PDA is a molecularly diverse cancer as revealed by a growing number of next generation sequencing (NGS) studies [8, 38–43]. Individual PDA tumors harbor a small number of high frequency hallmark oncogenic mutations (KRAS, CDKN2A, TP53 and SMAD4) and a much larger number of heterogeneous alterations occurring at low prevalence. The initial landmark PDA sequencing study utilized integrated pathway analysis to distill this genetic heterogeneity into 12 core pathways altered in the majority of PDA [38]. Subsequent NGS studies have reaffirmed this observation while identifying additional core pathways genetically altered in at least subsets of PDA [8, 40, 42, 44] (TABLE 1). Although most individual alterations fail to predict clinical behavior, certain genetic hallmarks (i.e., increased chromosomal instability, amplification of MYC) do correlate with clinical outcomes [41, 42]. In addition to genetic alterations, transcriptional network analysis of global gene expression has been used to distinguish PDA subtypes associated with distinct histopathologic and clinical features, and is potentially a more robust means for predicting survival and response to therapy [39, 40, 45].

Table 1.

Core Pathways and Actionable Targets Genetically Altered in PDA [38–42, 44]

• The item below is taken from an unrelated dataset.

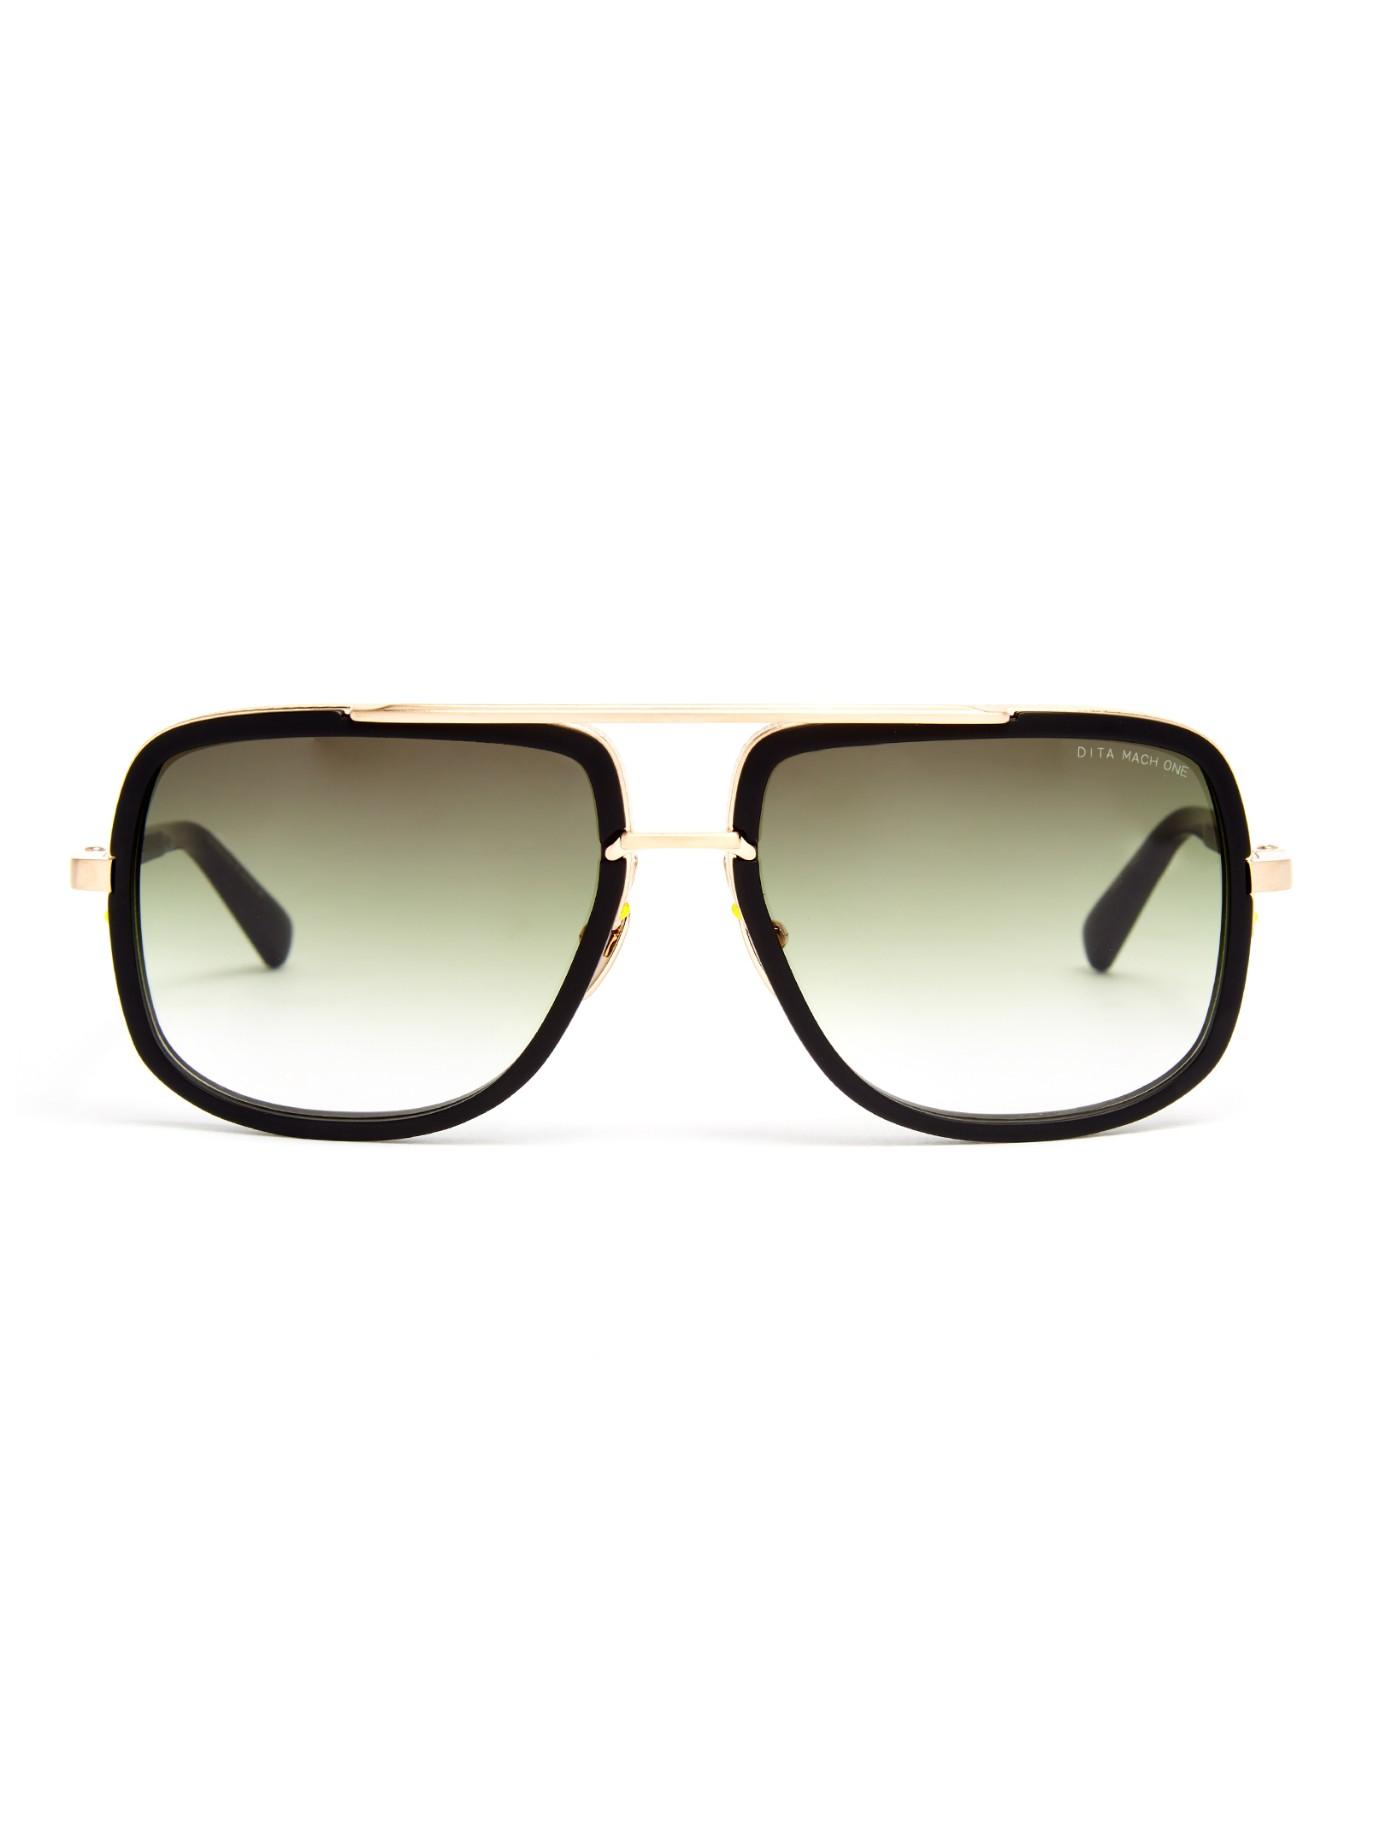 93e91ee819 Dita Mach One Replica Sunglasses

Pathway/Processes	Select gene alterations	Clinical implications/drug approaches	Refs
Core Pathways
RAS	KRAS, MAP2K4	Combined MEK/PI3K inhibition, target KRAS directly or indirect (i.e., metabolic pathways)	[23, 75]
G1/S checkpoint	CDKN2A/B, TP53, RB	CDK4/6 inhibition, but may require further inhibition of MTOR, MEK or other pathways	[51]
TGFβ signaling	SMAD4, TGFBR1, ACVR1B	SMAD4 loss is a marker of poor prognosis	[76]
Wnt signaling	RNF43, AXIN1/2, GATA6	Porcupine, tankyrase and FZD inhibitors, other direct and indirect inhibitors of Wnt	[53, 56]
NOTCH	JAG2, NOTCH1-4, MAML1	Gamma-secretase/NOTCH inhibitors in trials	[43]
Hedgehog signaling	SMO, GLI1-3, LRP2	Stromal targeting; SMO and GLI inhibitors	[18, 70]
Integrin	ITGA4, ITGA9, ILK, LAMA1/4/5	Mediate tumor-stromal interactions, possible targets for stromal therapy	[77]
Small GTPase signaling	ARHGEF9, RP1, CDC42BPA	Important downstream effector pathway for KRAS that may warrant targeting	[20]
JNK signaling	MAP4K3, TNF, ATF2	JNK inhibitors may inhibit PDA stem cells	[78]
DNA damage response	BRCA1/2, PALB2, ATM	Potential response to platinum agents, mitomycin C or PARP inhibitors	[41]
Invasion	ADAM11-12, PRSS23	Cancer hallmark, general or specific inhibitors	[79]
Homophilic cell adhesion	CDH1-2, FAT, PCDH15	EMT, invasion and metastasis	[79]
Apoptosis	CASP10, CAD, HIP1	Cancer hallmark, general or specific inhibitors	[79]
Chromatin regulation	ARID1A/1B, PRBM1, KDM6A, SETD1A, MLL1-4	ARID1A is prognostic; histone modifying agents, susceptibility to EZH2 inhibitor?	[42, 43]
Axon guidance	ROBO1/2, SLIT2, EPHA5/7, SEMA3A/3E/5A	Markers of poor prognosis, activate MET and WNT signaling (could alter drug response)	[44]
Additional Pathways or Actionable Targets
RNA processing	RBM10, SF3B1, U2AF1	RBM10 linked to prognosis based on KRAS alteration	[42]
HIPPO/FAT	FAT1-4, DCHS1-2, LATS1	Potential resistance to KRAS inhibitor; direct/indirect inhibitors of YAP/TEAD?	[31, 33]
Mismatch repair	MLH1, MSH2	Increased PDA risk with Lynch syndrome; marker of chemotherapy or anti-PD1 response?	[80]
MYC	MYC amplification	Worse prognosis/adenosquamous histology; use of CDK9 or BET inhibitors	[42, 43]
KRAS wild-type	PIK3CA, BRAF, STK11, GNAS, CHEK2	Alternative oncogenic drivers; possible response to BRAF or EGFR inhibitors?	[42]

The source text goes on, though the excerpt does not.